The earliest references to the chakram come from the Indian epics Mahabharata and Ramayana where the Sudarshana Chakra is the weapon of the god Vishnu. Contemporaneous Tamil poems from the 2nd century BC record it as thikiri (திகிரி). Chakra-dhāri ("chakram-wielder" or "disc-bearer") is a name for Krishna. The chakram was later used extensively by the Sikhs as recently as the days of Ranjit Singh. It came to be associated with Sikhs because of the Nihang practice of wearing chakram on their arms, around the neck and even tied in tiers on high turbans.

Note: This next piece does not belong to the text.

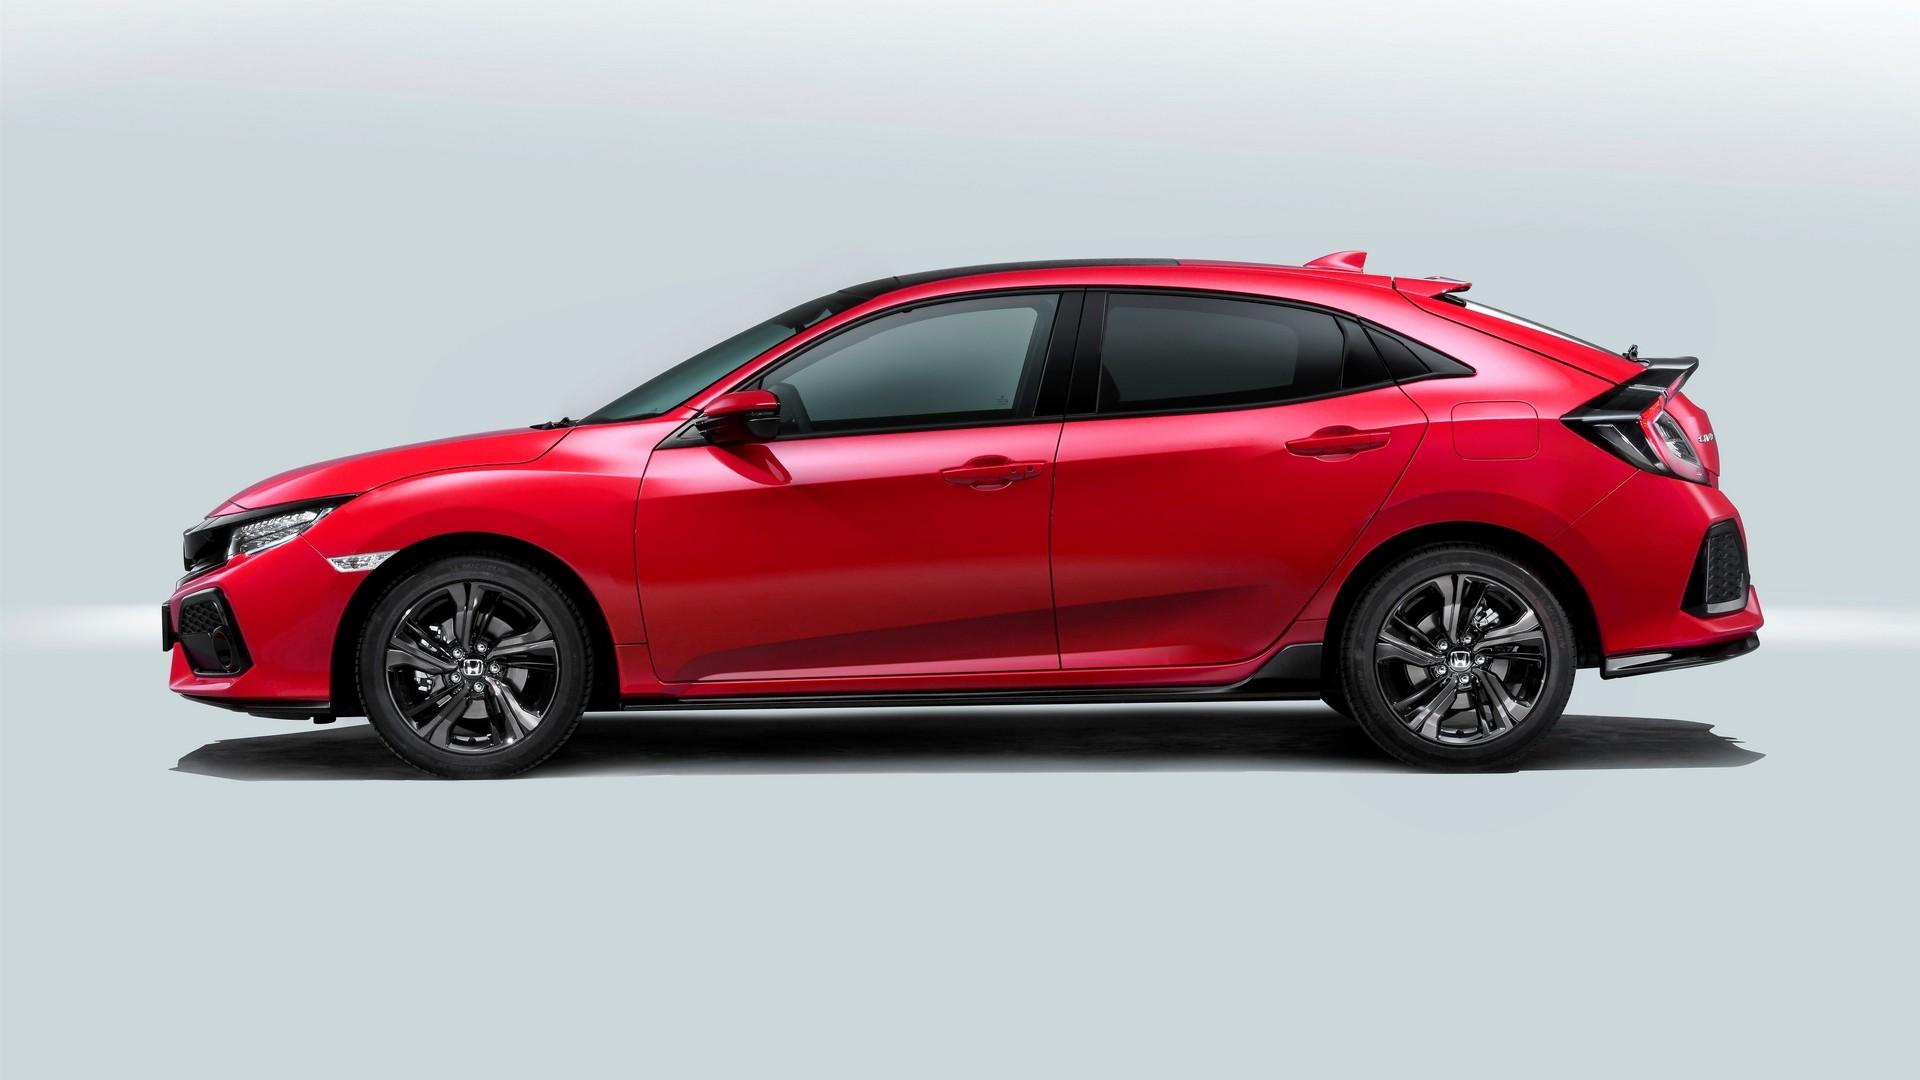 Honda Civic 2017 5-дверный хэтчбек европейская версия

The Portuguese chronicler Duarte Barbosa writes (c. 1516) of the chakram being used in the Delhi Sultanate.[2]

The people of the kingdom ... are very good fighting men and good knights, armed with many kinds of weapons; they are great bowmen, and very strong men; they have very good lances, swords, daggers, steel maces, and battle-axes, with which they fight; and they have some steel wheels, which they call chakarani, two fingers broad, sharp outside like knives, and without edge inside; and the surface of these is of the size of a small plate. And they carry seven or eight of these each, put on the left arm; and they take one and put it on the finger of the right hand, and make it spin round many times, and so they hurl it at their enemies, and if they hit anyone on the arm or leg or neck, it cuts through all. And with these they carry on much fighting, and are very dexterous with them.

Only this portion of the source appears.